How technology is utilised determines whether it is a successful tool or a wasteful investment. In insurance, a recent innovation has been the use of black boxes, also known as telematics car insurance. These little boxes provide insurers with sophisticated methods for monitoring motorists driving behaviours, allowing underwriters to assess policyholders, rewarding careful drivers with lower premiums. There has been an uptake in the use of telematics technology, as it has cut prices by nearly 25 percent. Unsurprisingly, young drivers in particular have jumped on board with the new money-saving device. Italy is the market leader for black boxes associated with motor insurance policies according to a study published by the Italian Association of Insurance Companies (ANIA).
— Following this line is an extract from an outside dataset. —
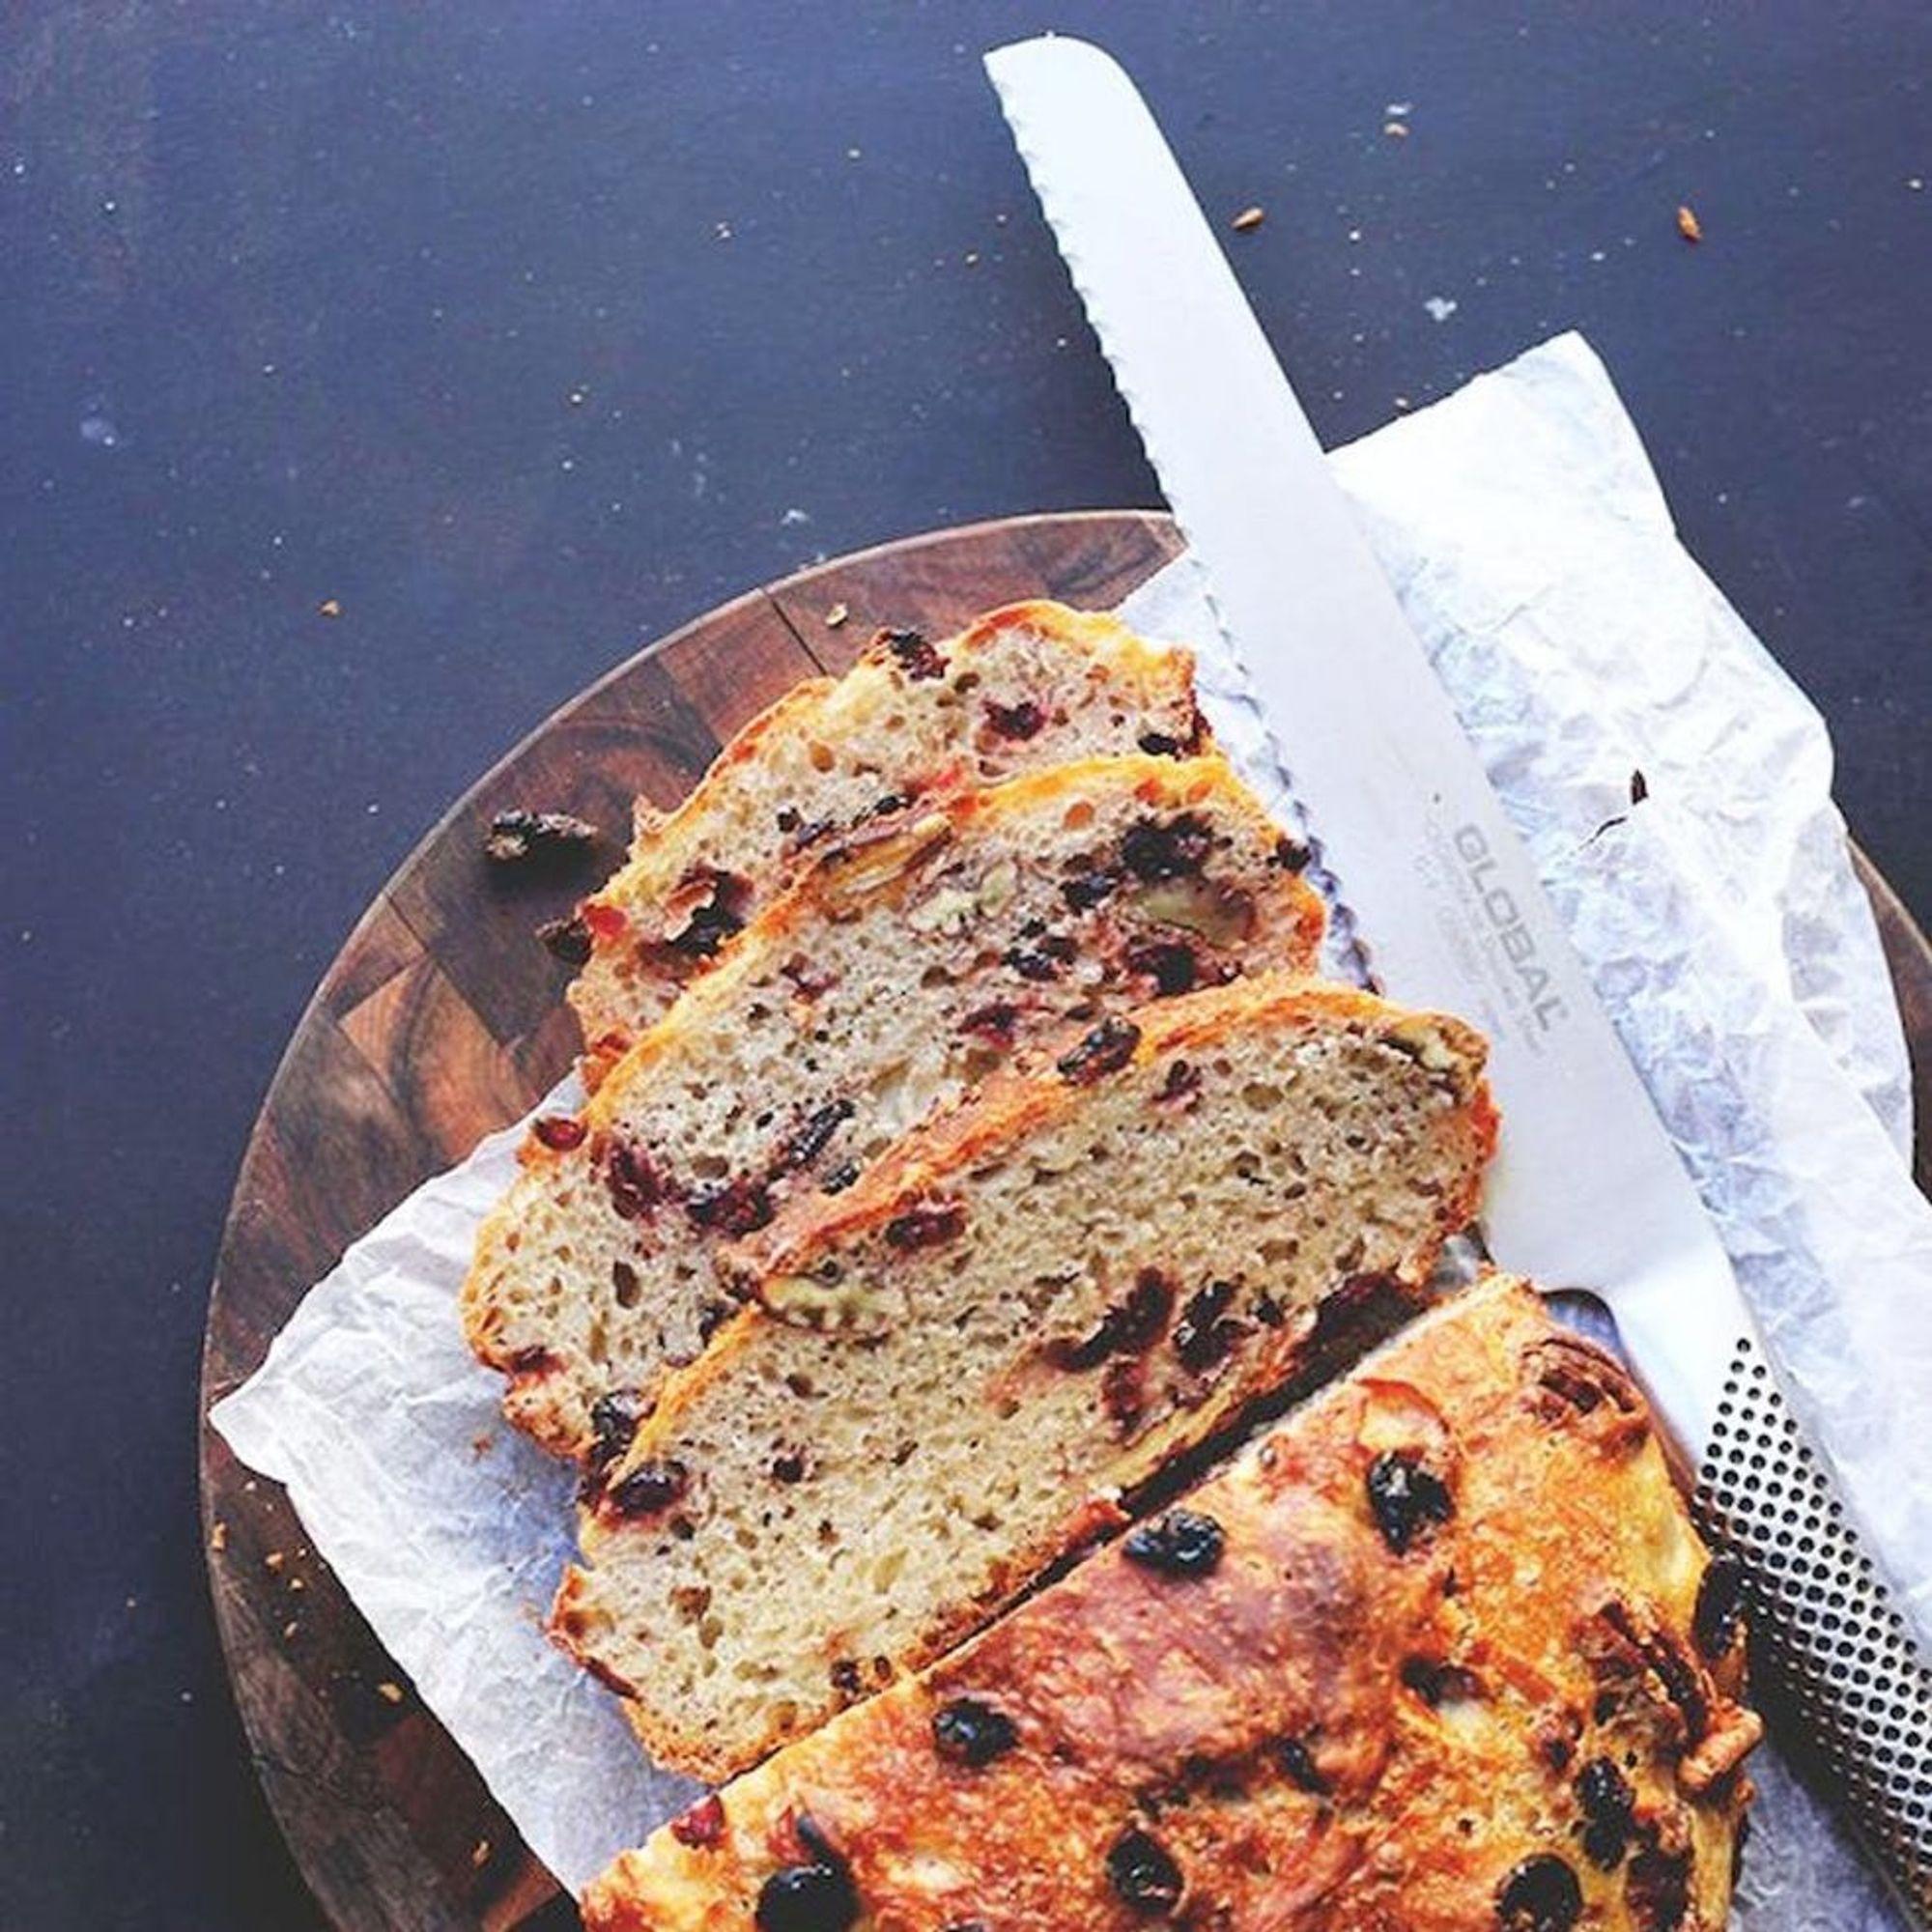 13 Easy No-Knead Bread Recipes Anyone Can Make

“With the introduction of these devices, we have succeeded in turning some problem areas typical of this sector into an opportunity, differentiating our offering and making important progress towards tailoring tariffs,” says Filippone. “Looking to the future, the integration of systems that use home automation and biological parameter monitoring technology, which are increasingly being employed, might open up new opportunities for growth.
“Technology will also enable us to improve relations with our customers, through new multi-access platforms that will allow us to manage all aspects of interaction and use all the devices currently available on the market,” says Filippone.
Filling the void
Italians, as a whole, are under-insured by comparison to their European counterparts. Roughly, only five percent of the population has supplemental health insurance, compared to almost 90 percent in France; and just 20 percent of Italian households have taken out home insurance, while in the UK and the Netherlands, 75 percent of homeowners have opted in.
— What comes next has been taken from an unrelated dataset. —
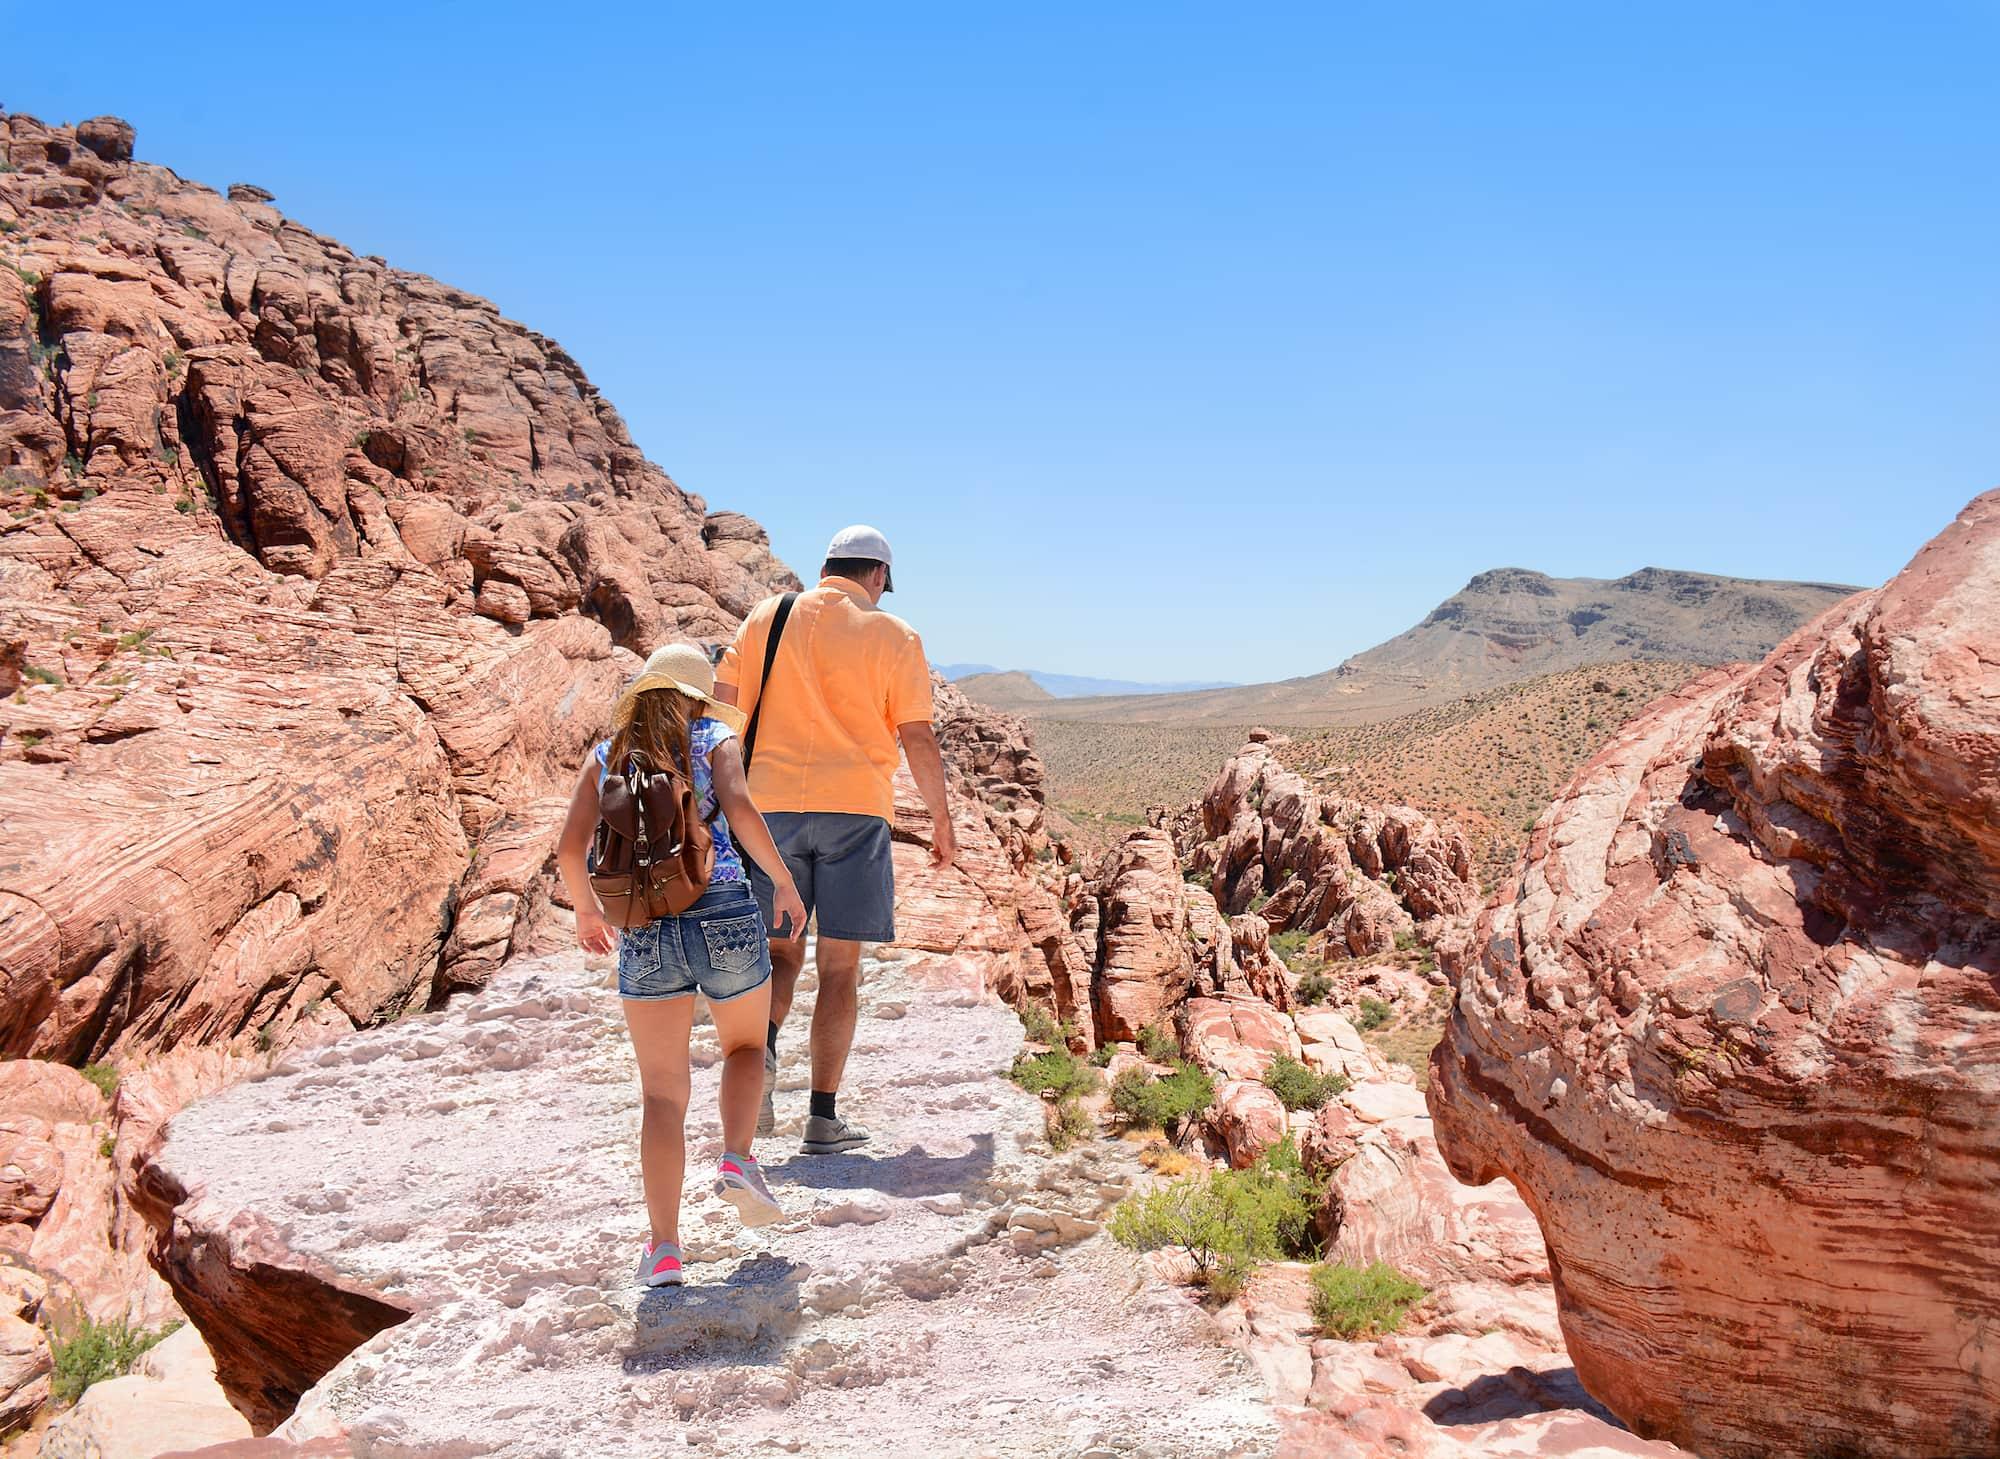 people hiking near red rocks

In order to fill the insurance void, Reale Mutua has embarked on a strategic plan: focusing on developing multichannel business models in order to take advantage of its retail networks; innovating its market approach, concentrating on developing welfare products in a bid to counteract the harmful effects of Italy’s economic outlook; investing in new technologies, allowing for the digitilisation of their existing processes; and looking for acquisitions in both the domestic and European markets to increase economy of scales and their market share.
If Fitch’s outlook is anything to go by, the Italian insurance market will be one that will continue to grow in the new year, even if the rest of its economy continues to struggle.
Digital technology has transformed the way insurers do business recently. Along with meeting the growing demand for easily accessible financial services, technological innovation contributes to growth and business development. It creates new trends, opportunities for growth in new and existing business, as well as improving efficiency and customer satisfaction. Consequently, the insurance market is currently in a key dynamic phase with business models changing drastically, along with consumer behaviour.
In Greece the majority of insurers use digital technology at a basic level to support customer experience. As competition is strong and consumers have become more demanding and less loyal regarding non-life products, firms are now putting particular emphasis on client retention. To this end, Interamerican has been one of Greece’s leading insurance companies as it continues to reshape its business in accordance with a new digital era.
[Interamerican’s] strategy focuses on simplicity by standardising processes, as well as creating simple and transparent systems
Clear cut goals
Having succeeded in its differentiation in the Greek insurance market, thanks to key investments in innovation and technology, Interamerican has an emphasis on internal process improvement, as well as to high quality customer service, by enhancing customers and producers’ experiences. “Interamerican’s brand ideal and shared goal is to improve peoples’ lives, making them feel safe at every moment in their life journey. This is our guide to the way we recruit, unite, build and inspire all the people that we touch with our business, from employees, to sales networks and customers,” said Chief Operations Officer G. Mavrelis.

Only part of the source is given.